• [Work order]
The lines below from the one with "lit volutif 70x140" up to and including the one with "liste-des-associations-briennes" are what you should set down, exactly and without pictures.

• [Records provided]
[Start of section]

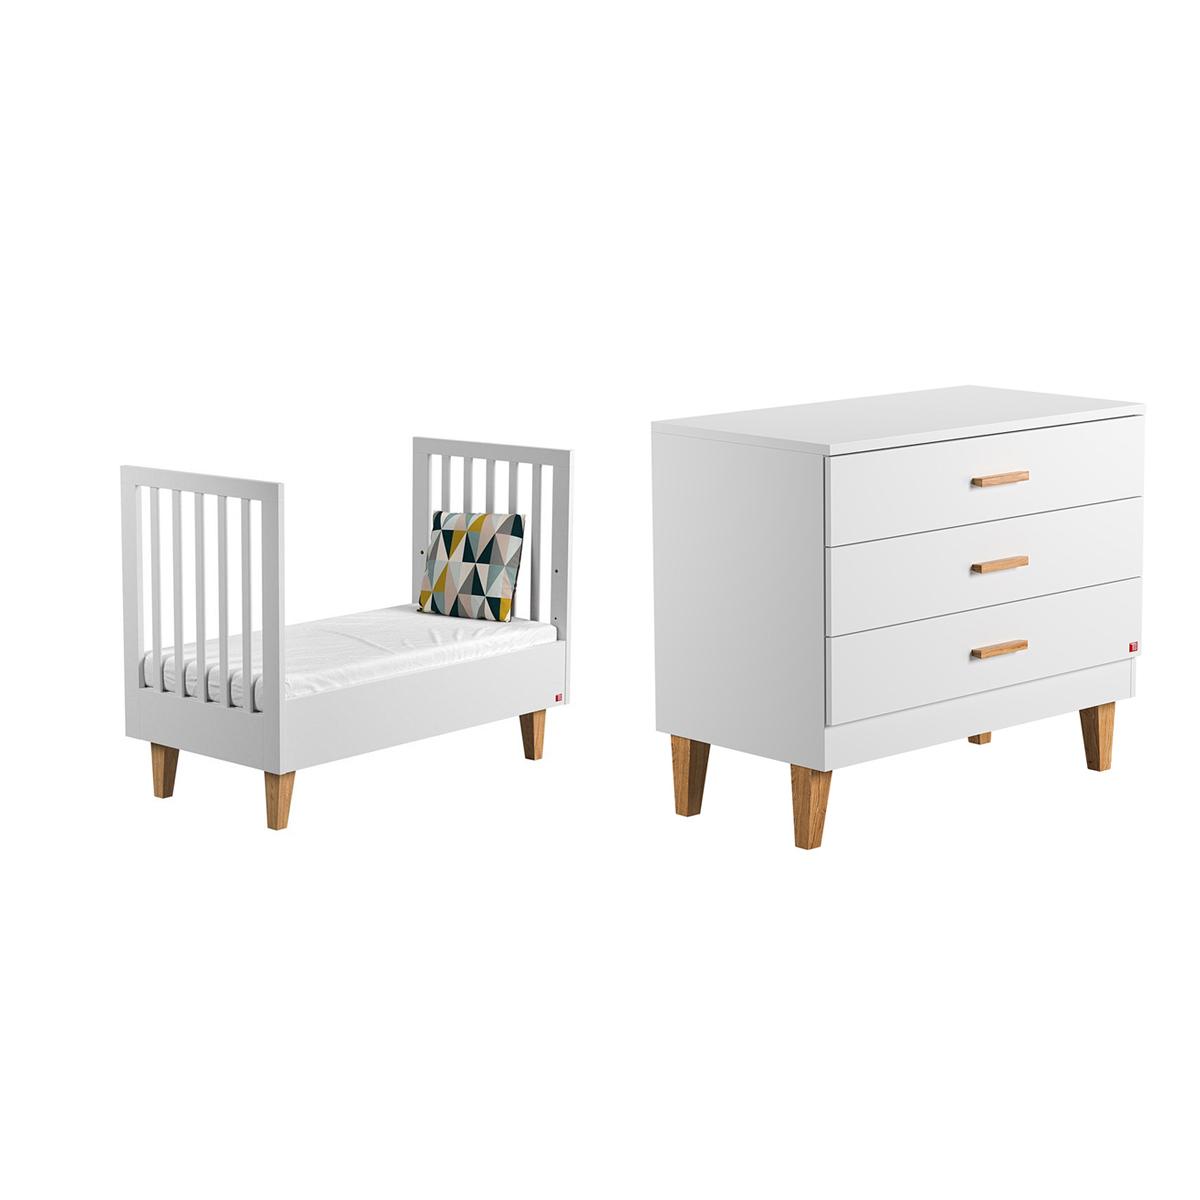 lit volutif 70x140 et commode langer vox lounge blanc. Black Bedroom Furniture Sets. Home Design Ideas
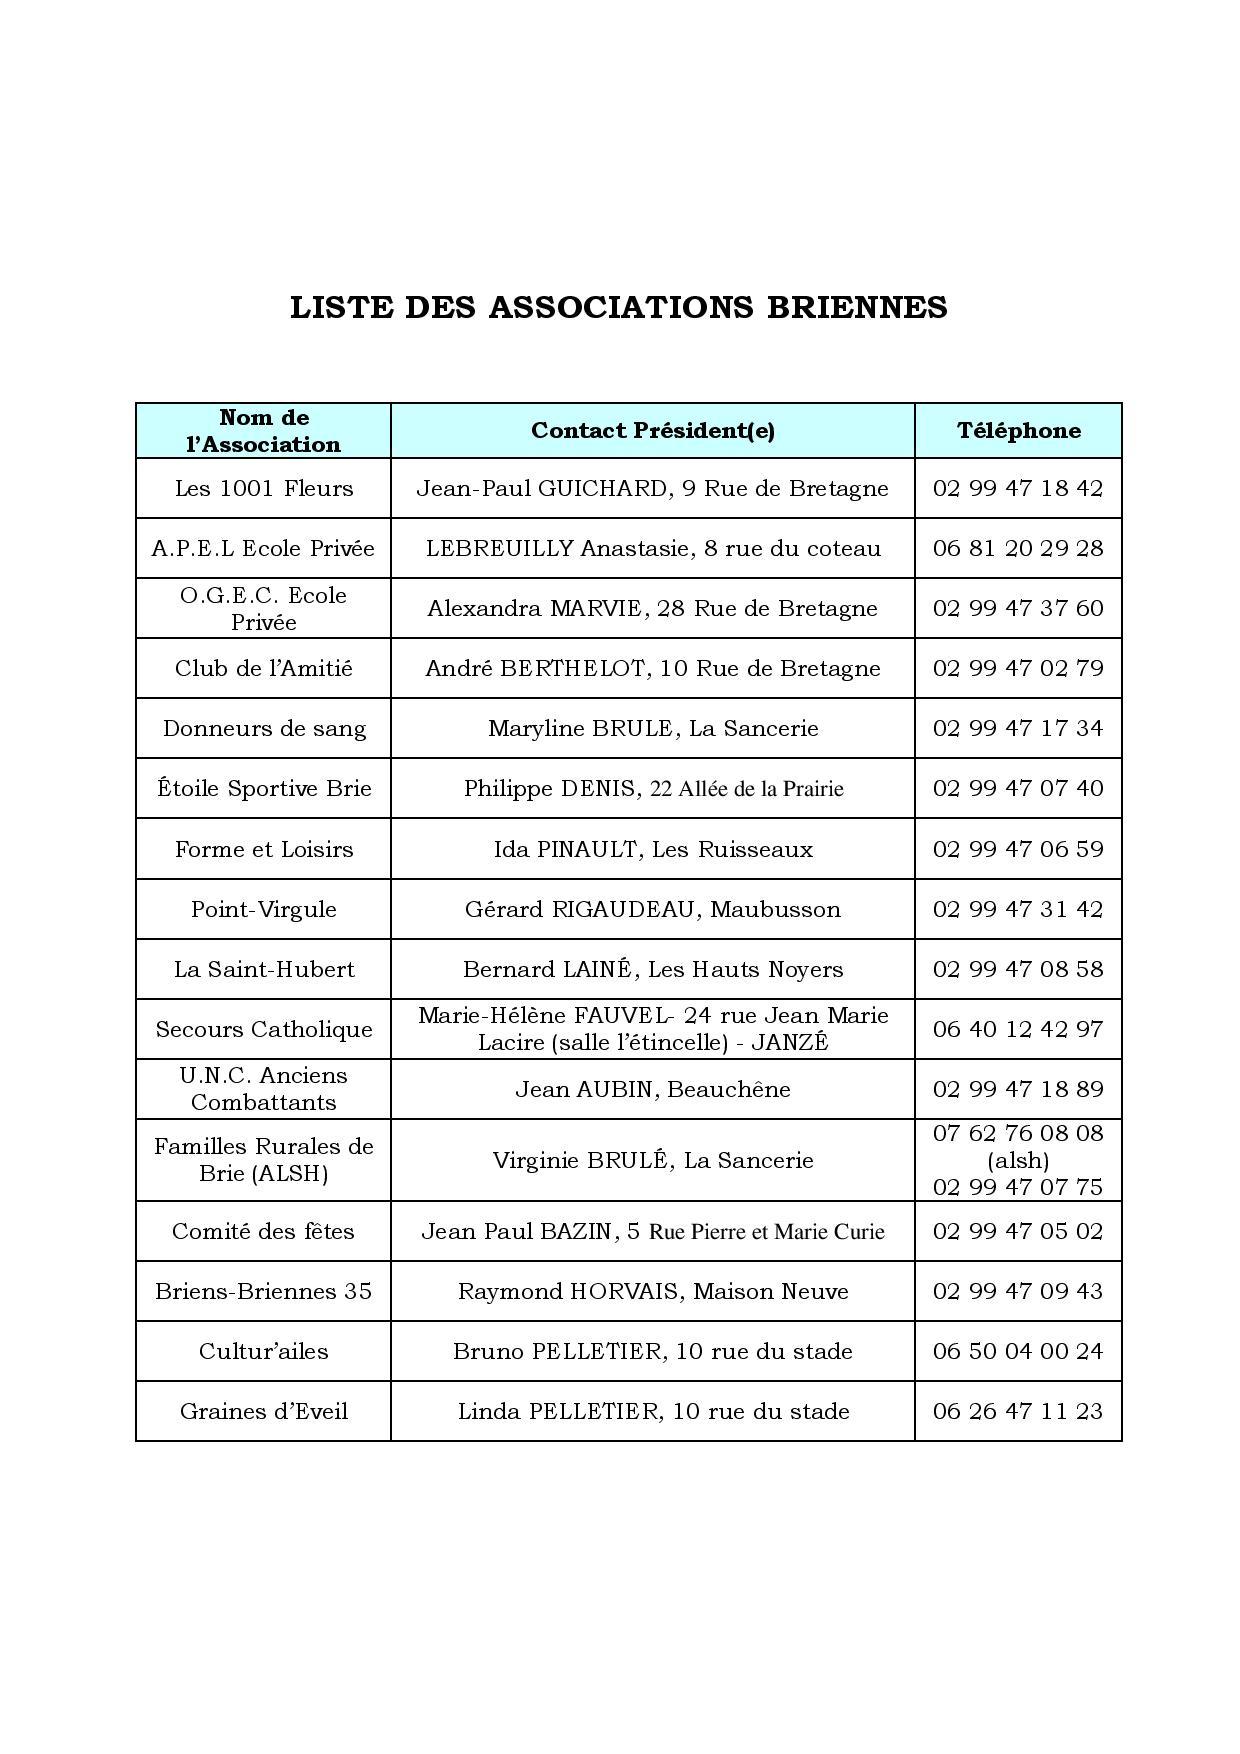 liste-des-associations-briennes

[End of section]
[Start of section]

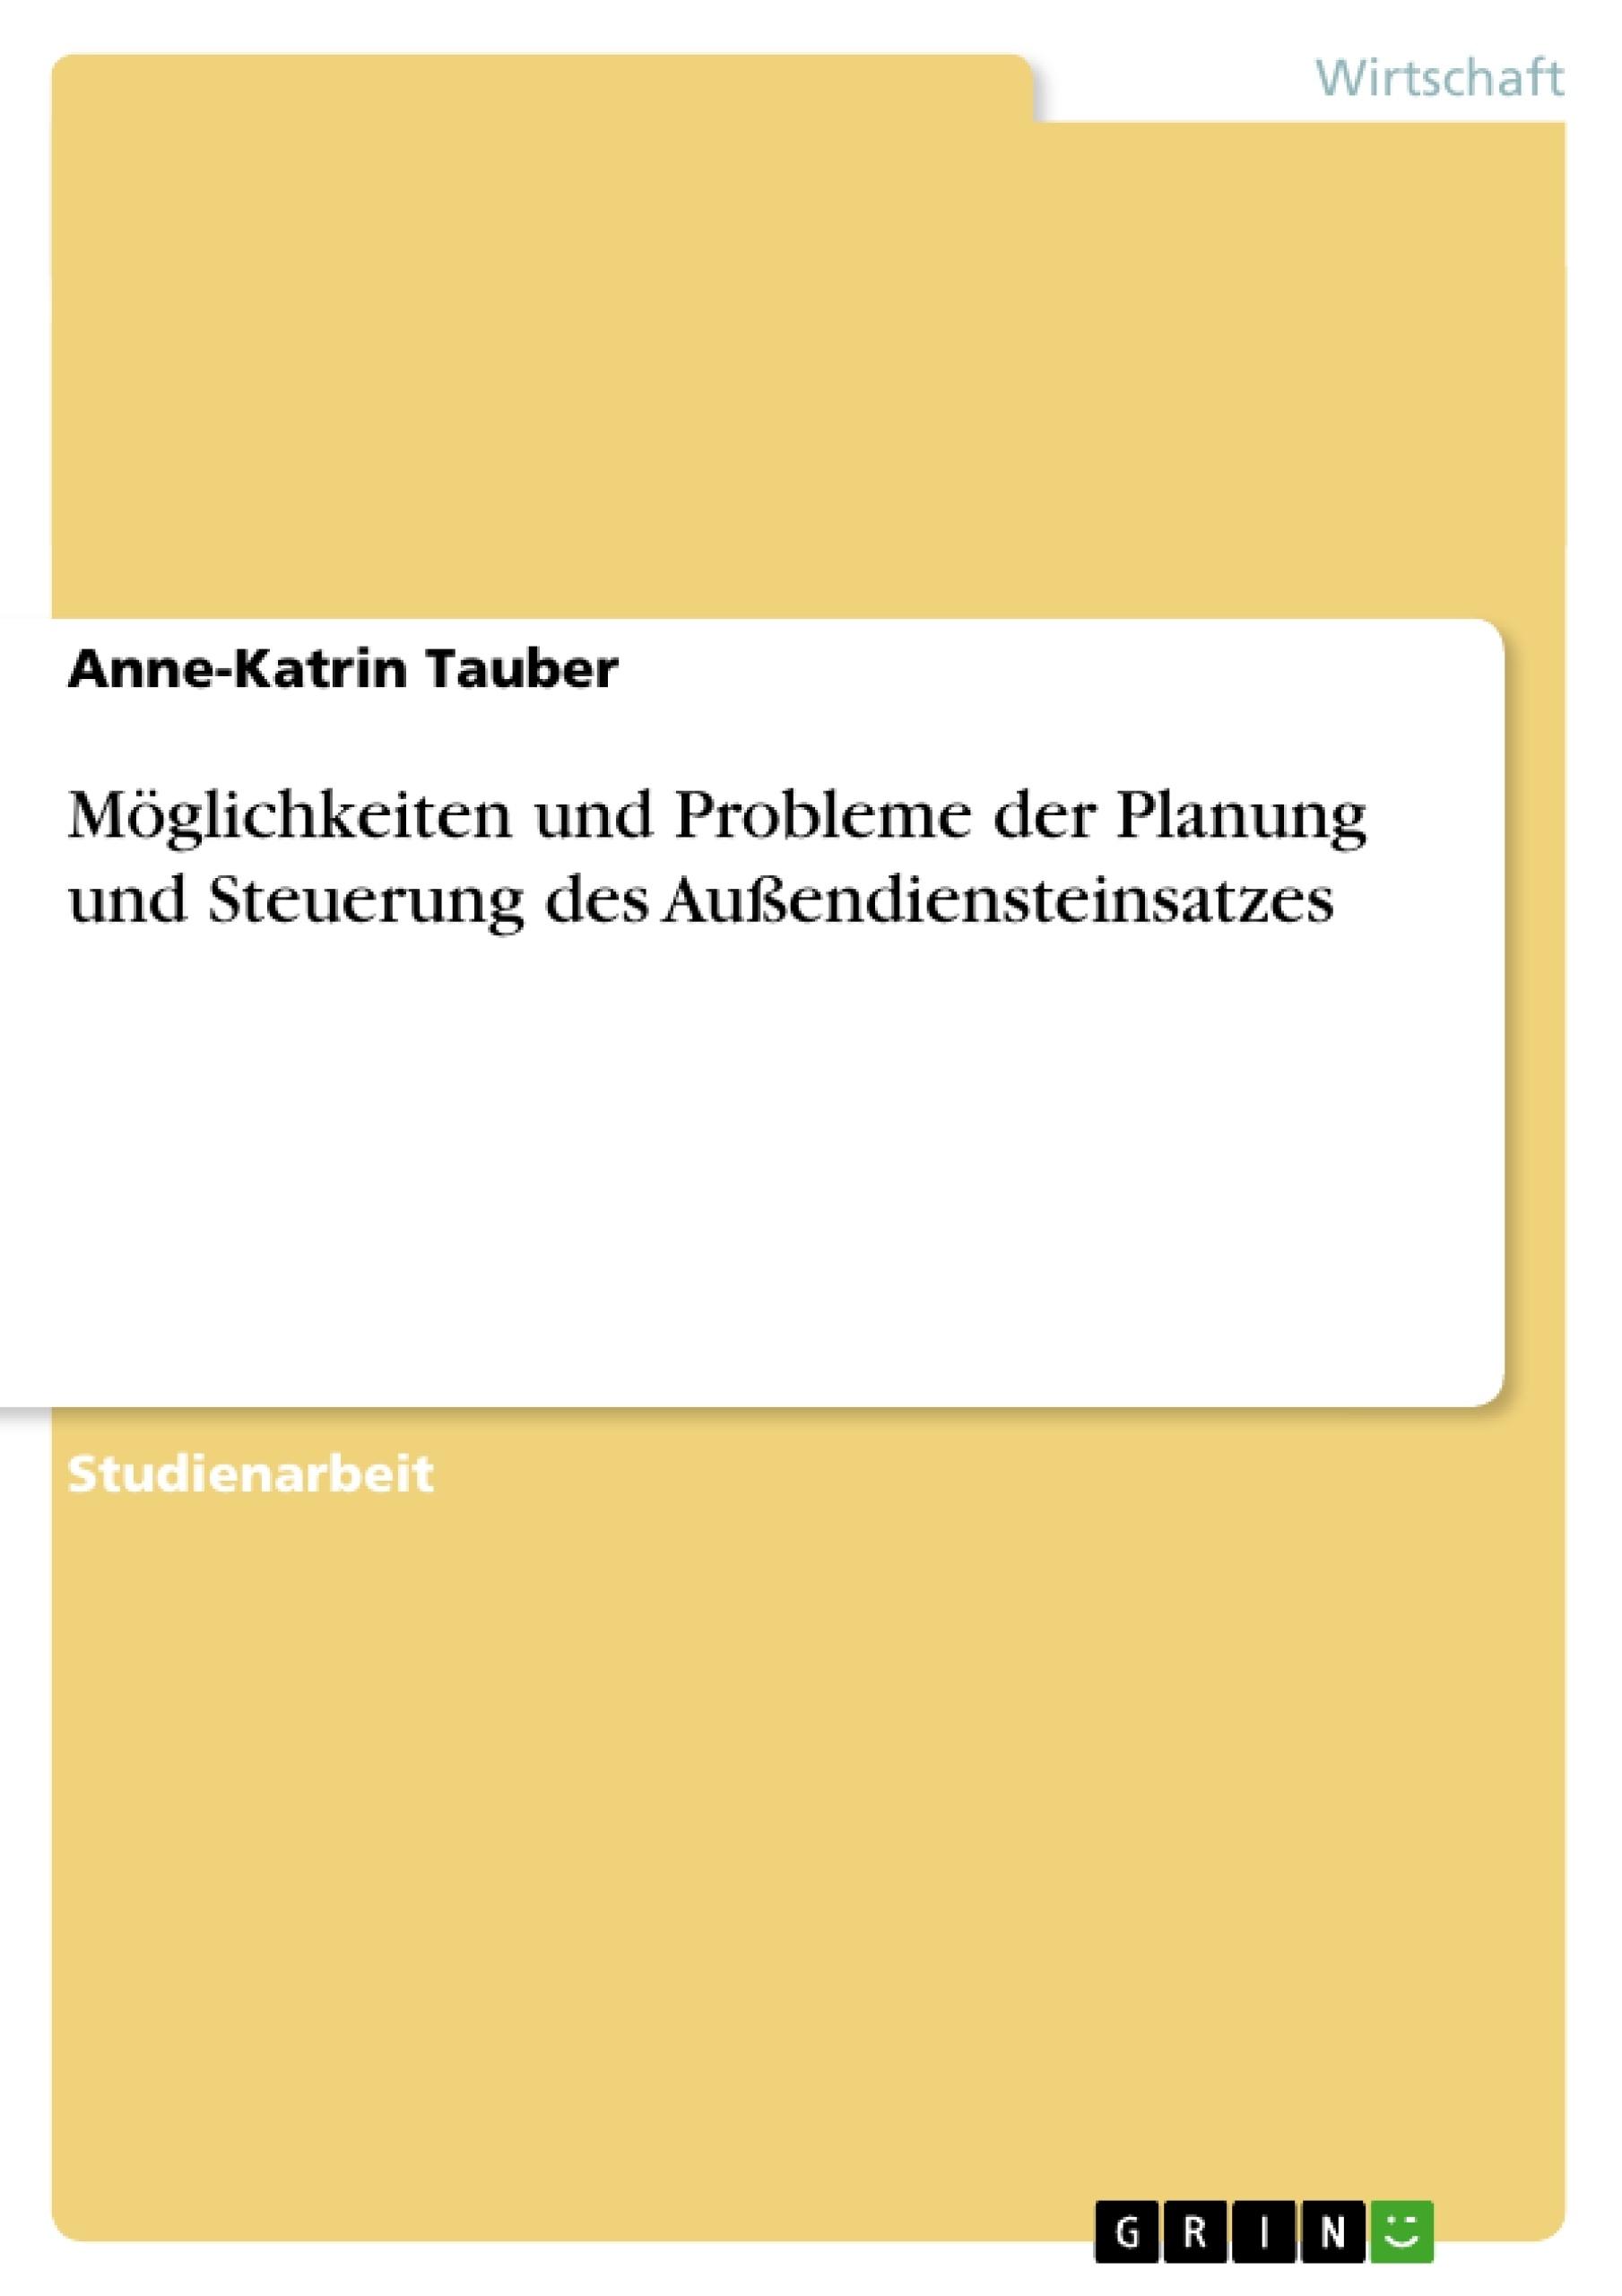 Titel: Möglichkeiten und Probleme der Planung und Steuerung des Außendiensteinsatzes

[End of section]
[Start of section]

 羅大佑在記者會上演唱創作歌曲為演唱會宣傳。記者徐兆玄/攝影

[End of section]

• [Solution to the problem]
 lit volutif 70x140 et commode langer vox lounge blanc. Black Bedroom Furniture Sets. Home Design Ideas
 liste-des-associations-briennes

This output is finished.